Supplied information:
━━━━━━━━━━

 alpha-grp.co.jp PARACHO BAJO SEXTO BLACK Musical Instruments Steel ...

━━━━━━━━━━

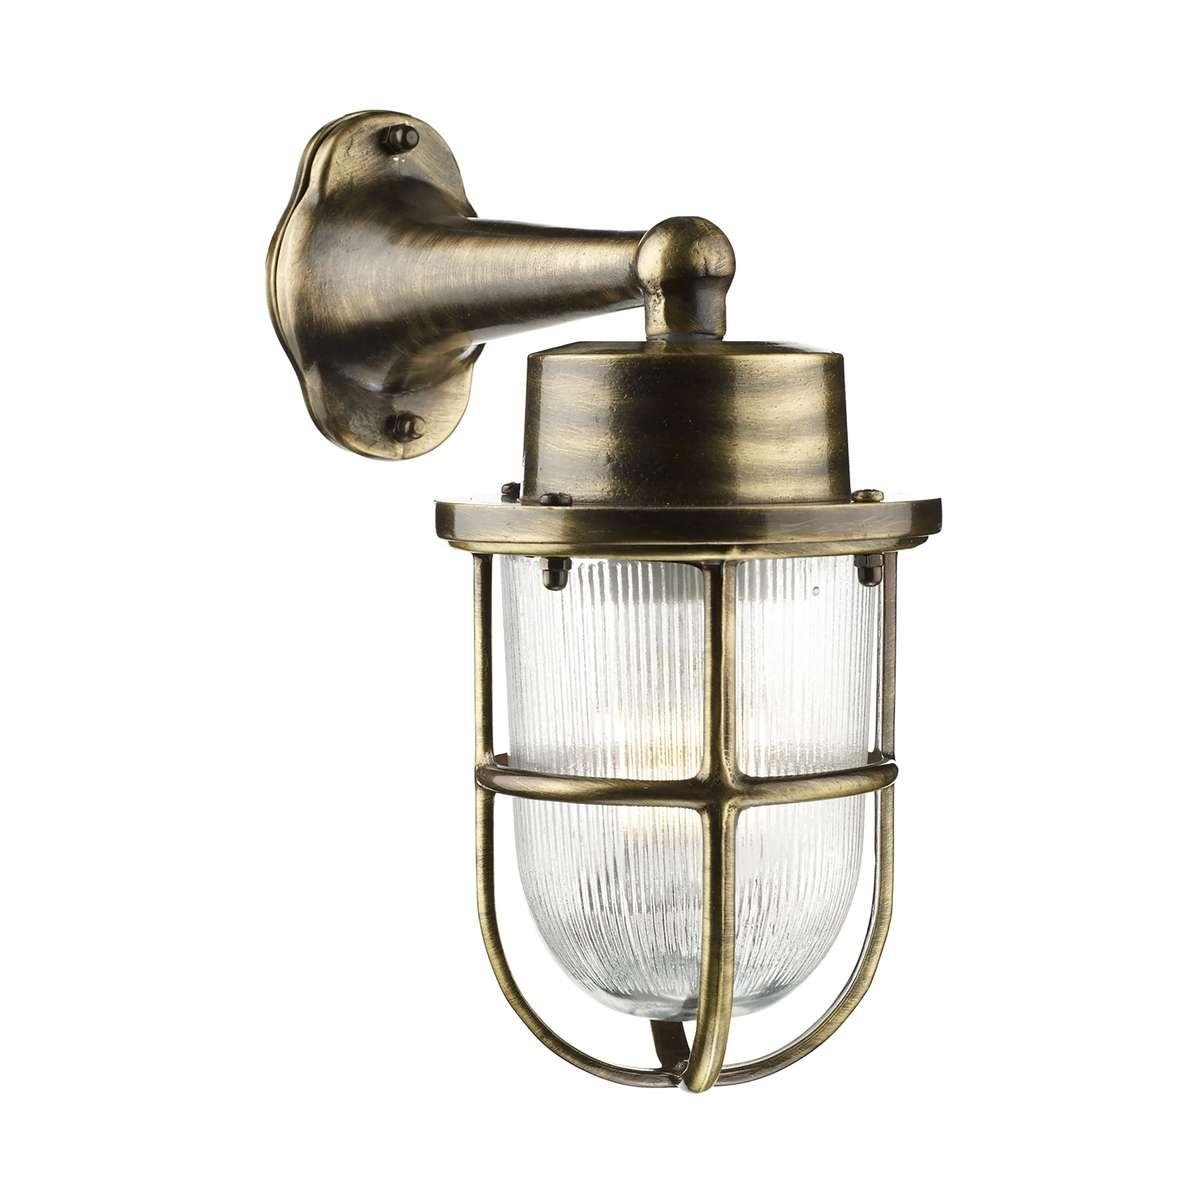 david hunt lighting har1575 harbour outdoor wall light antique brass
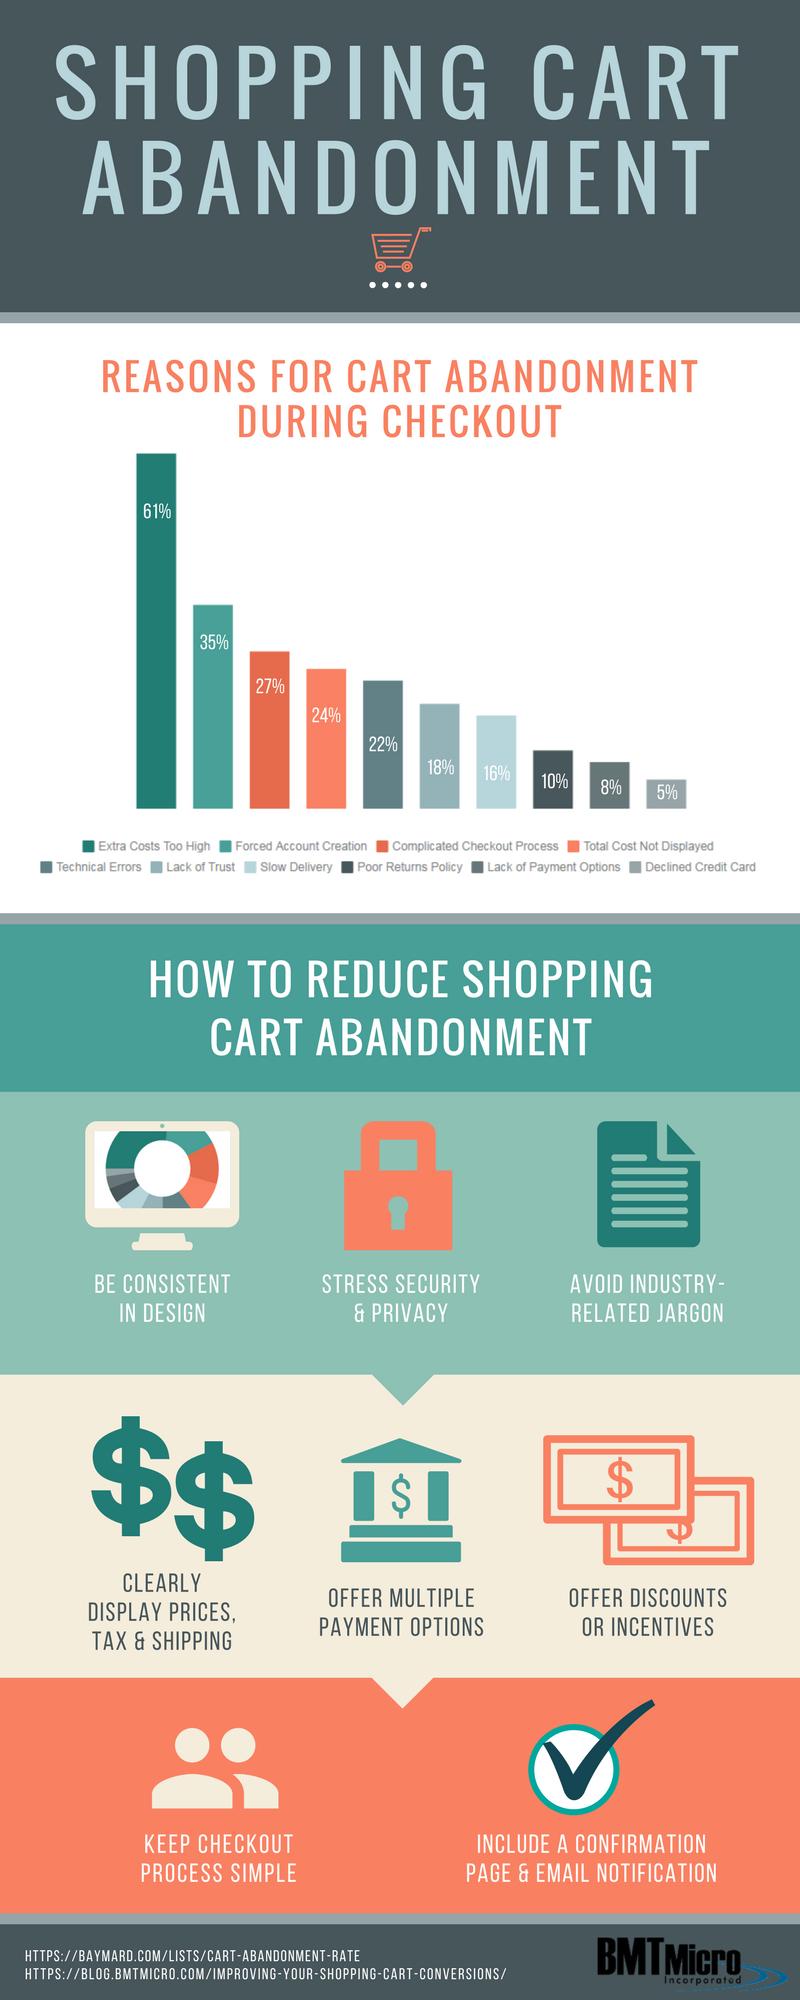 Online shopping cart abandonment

━━━━━━━━━━

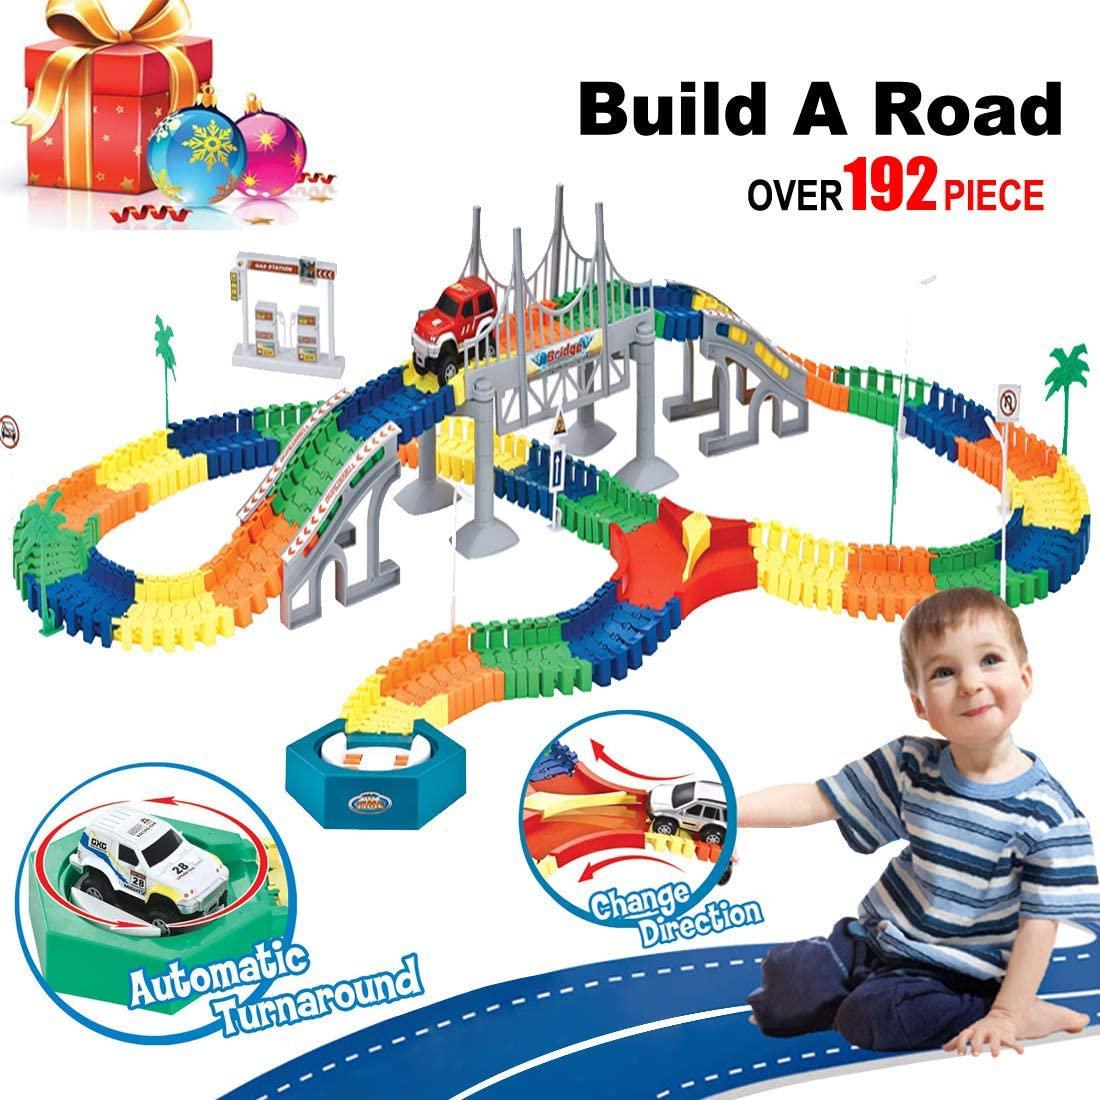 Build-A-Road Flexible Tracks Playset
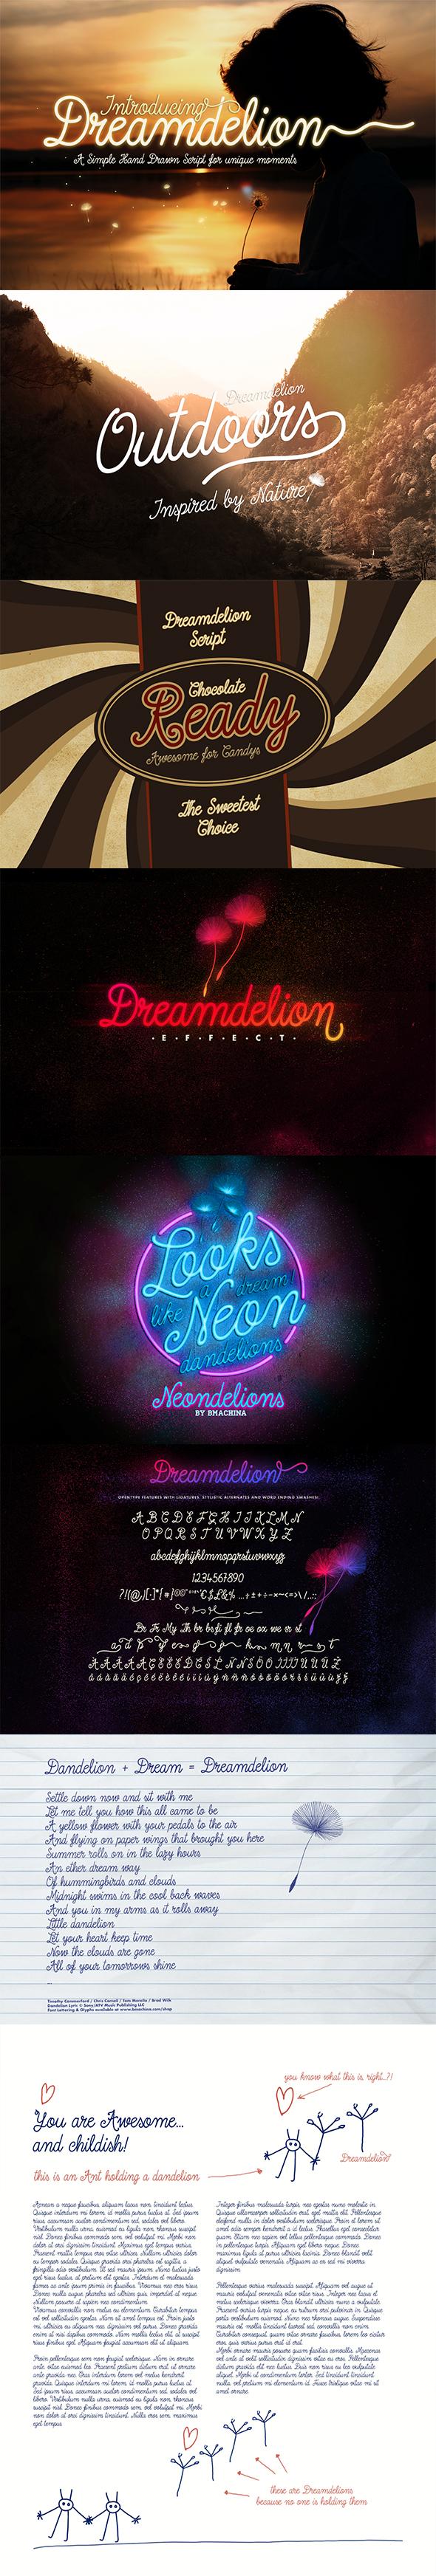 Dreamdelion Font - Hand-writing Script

━━━━━━━━━━

What needs to be done:
Out of the records above, return only the lines from the one with "Build-A-Road Flexible Tracks Playset" through the one with "Dreamdelion Font - Hand-writing Script", exactly, and none of the pictures.

Worked solution:
 Build-A-Road Flexible Tracks Playset
 Dreamdelion Font - Hand-writing Script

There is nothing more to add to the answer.